> [YOUR ASSIGNMENT]
The required result is an exact copy of every line from the one with "Vintage Black and" through the last line below, with the pictures left out.

> [DATA BELOW]
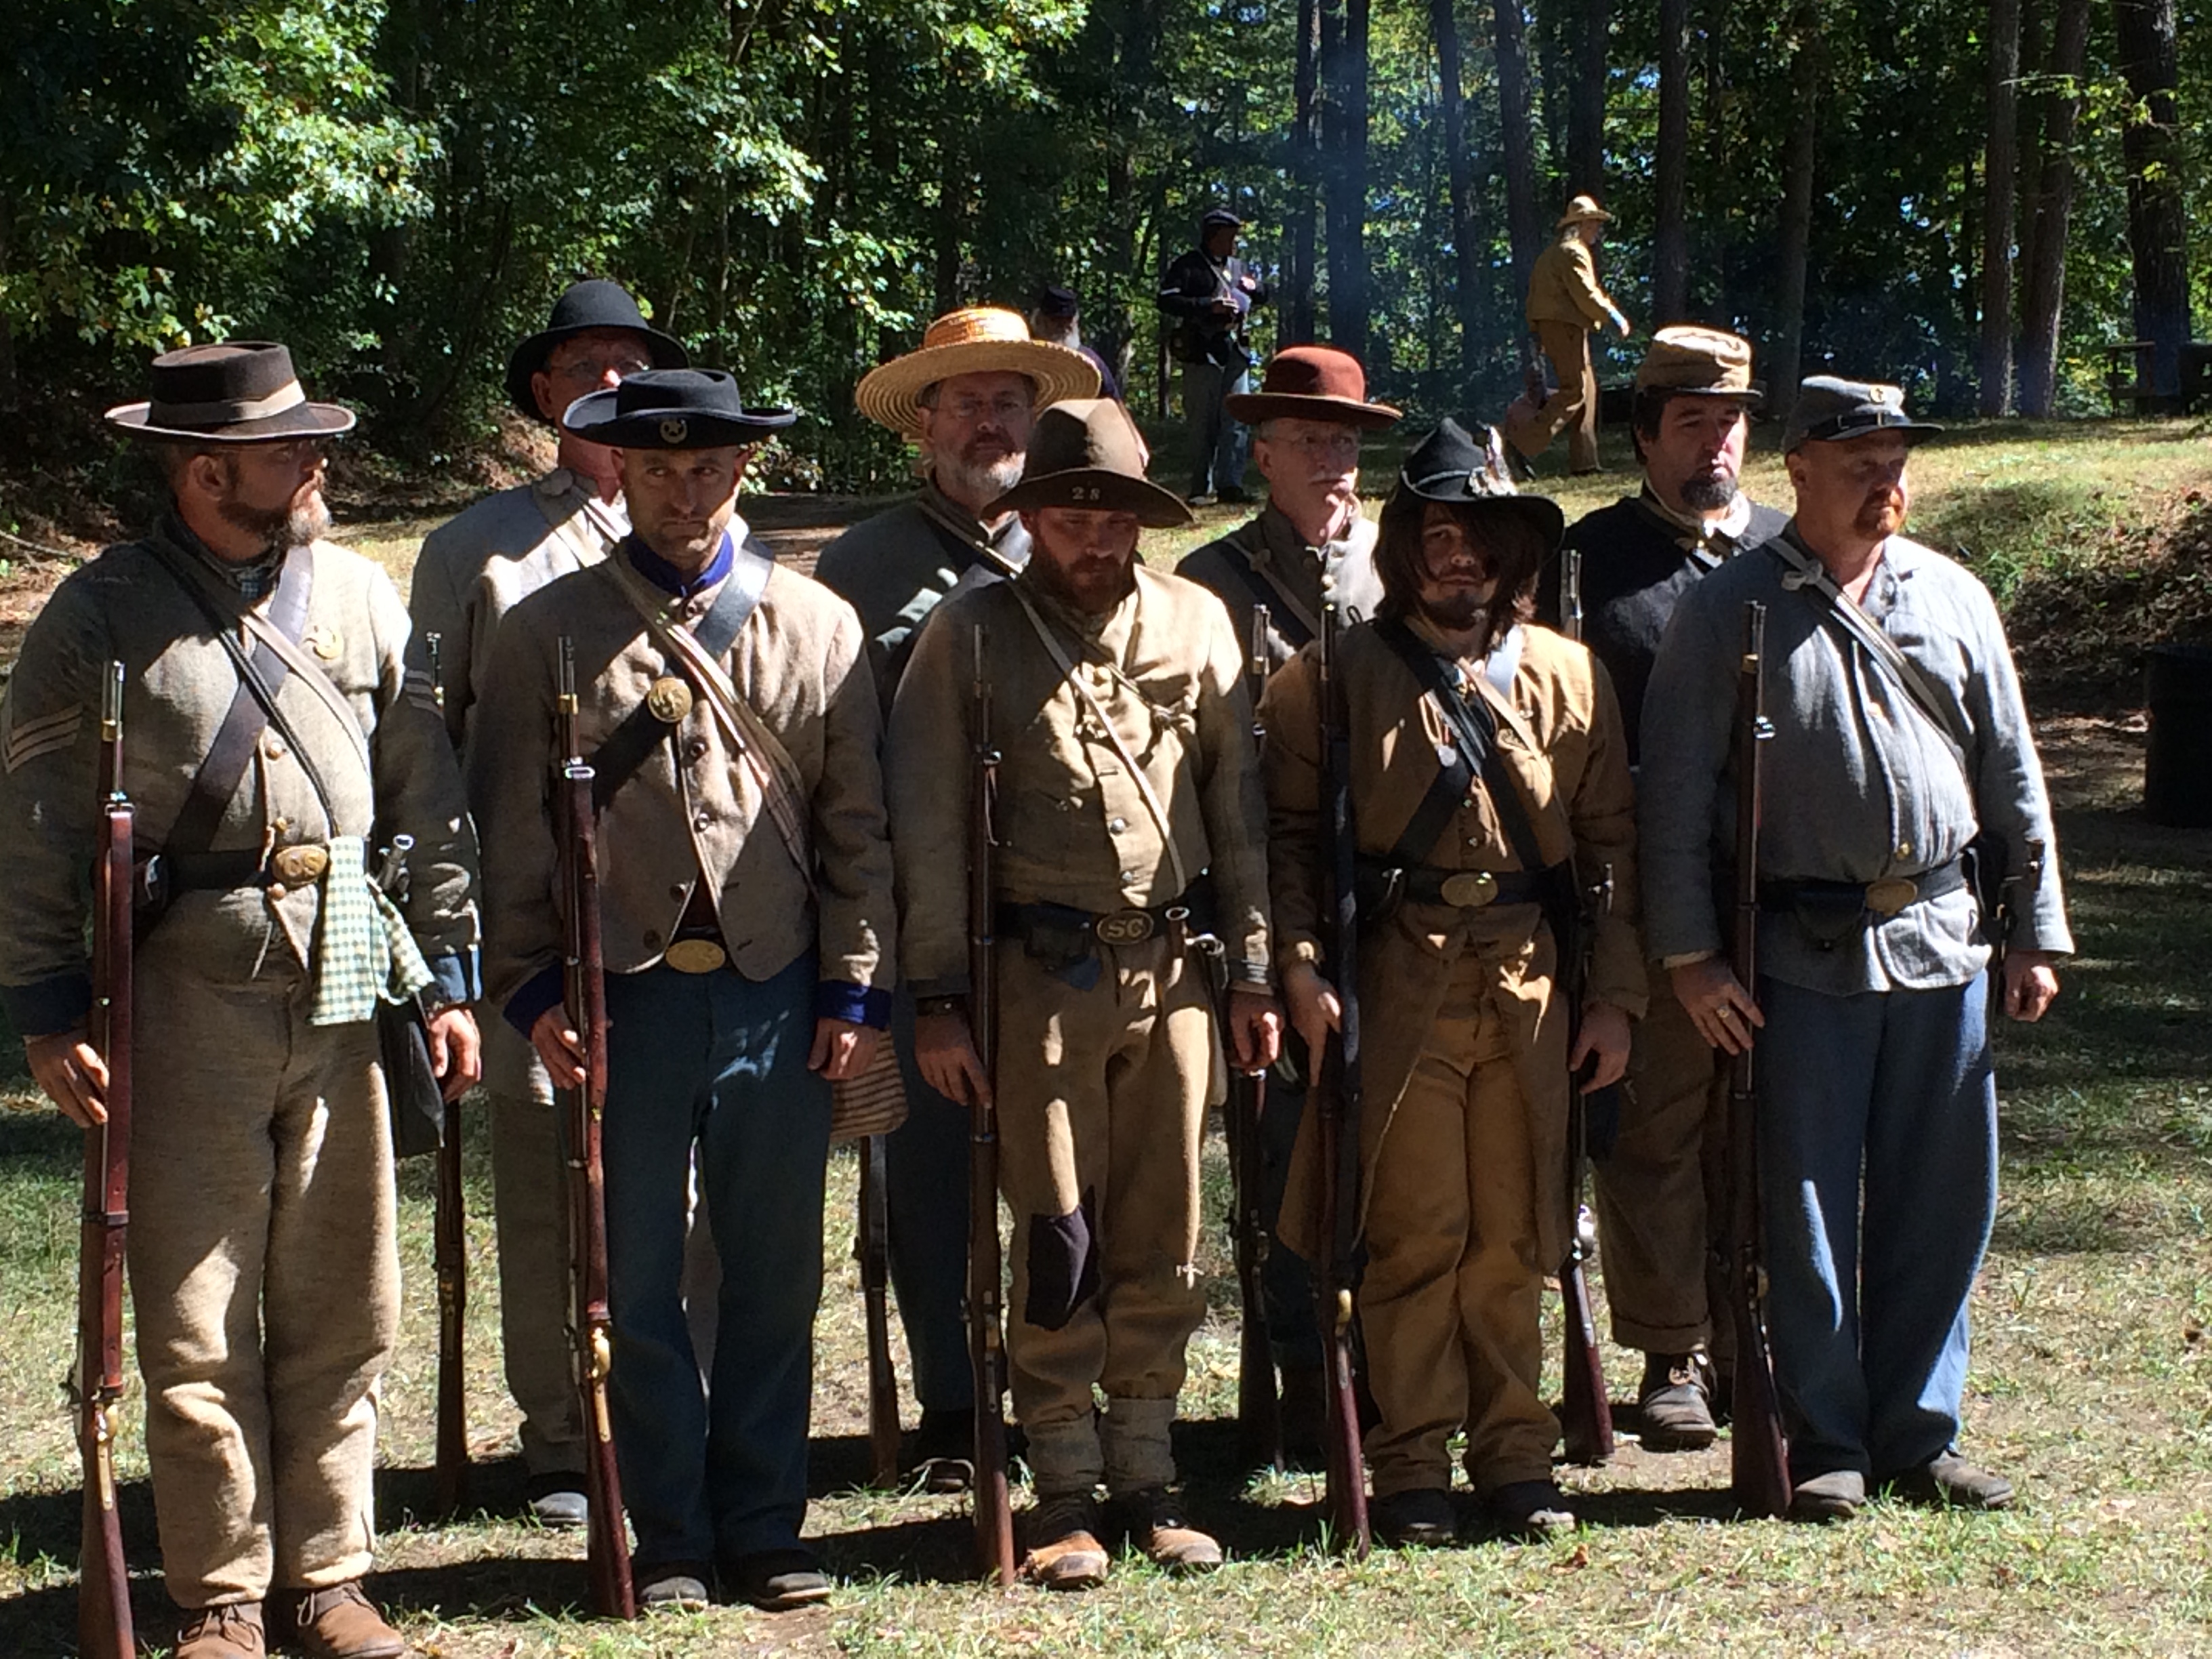 Reenactment of Confederate Soliders
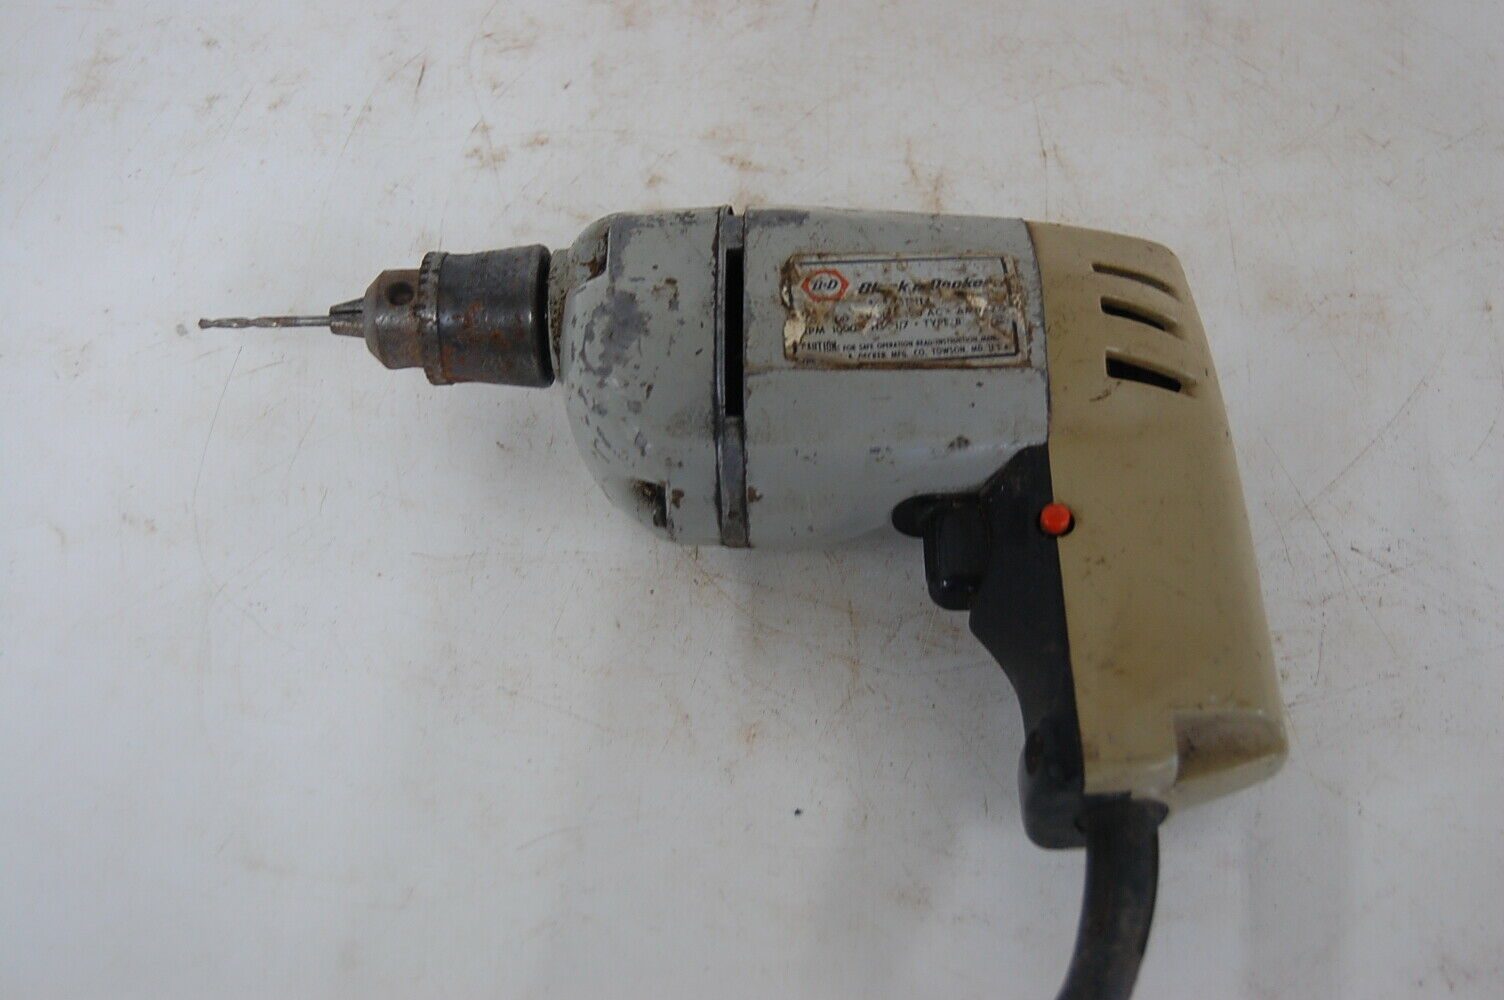 Vintage Black and Decker 3/8 Variable Speed Drill W/ Sanding Pad
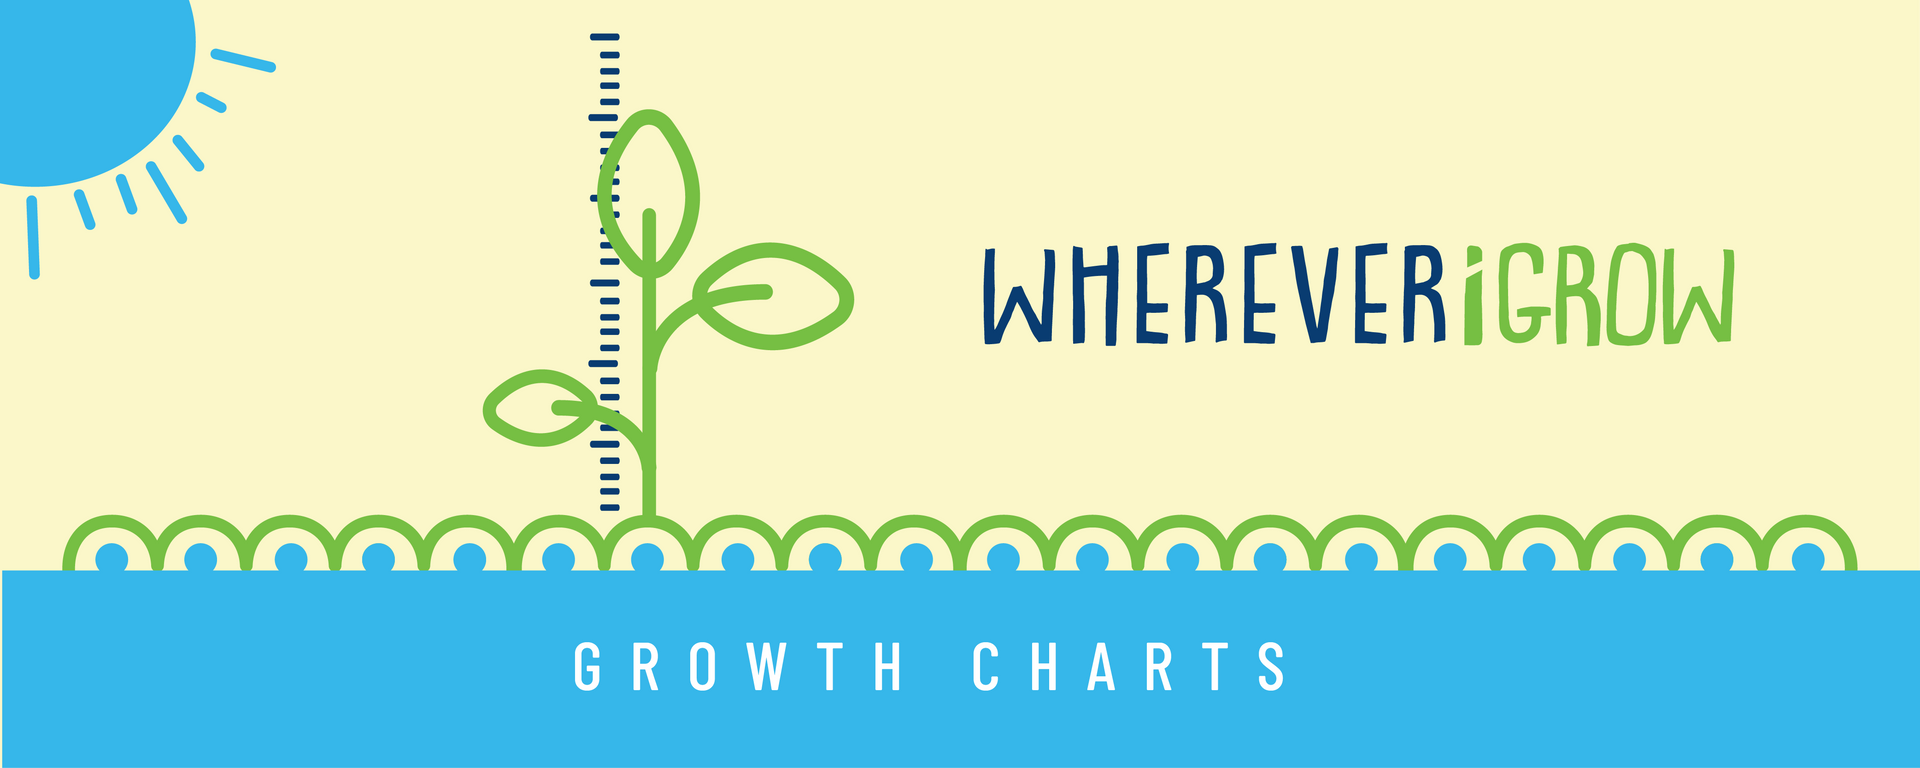 Load video: Customized Growth Chart

> [EXERCISE OUTPUT]
 Vintage Black and Decker 3/8 Variable Speed Drill W/ Sanding Pad
 Load video: Customized Growth Chart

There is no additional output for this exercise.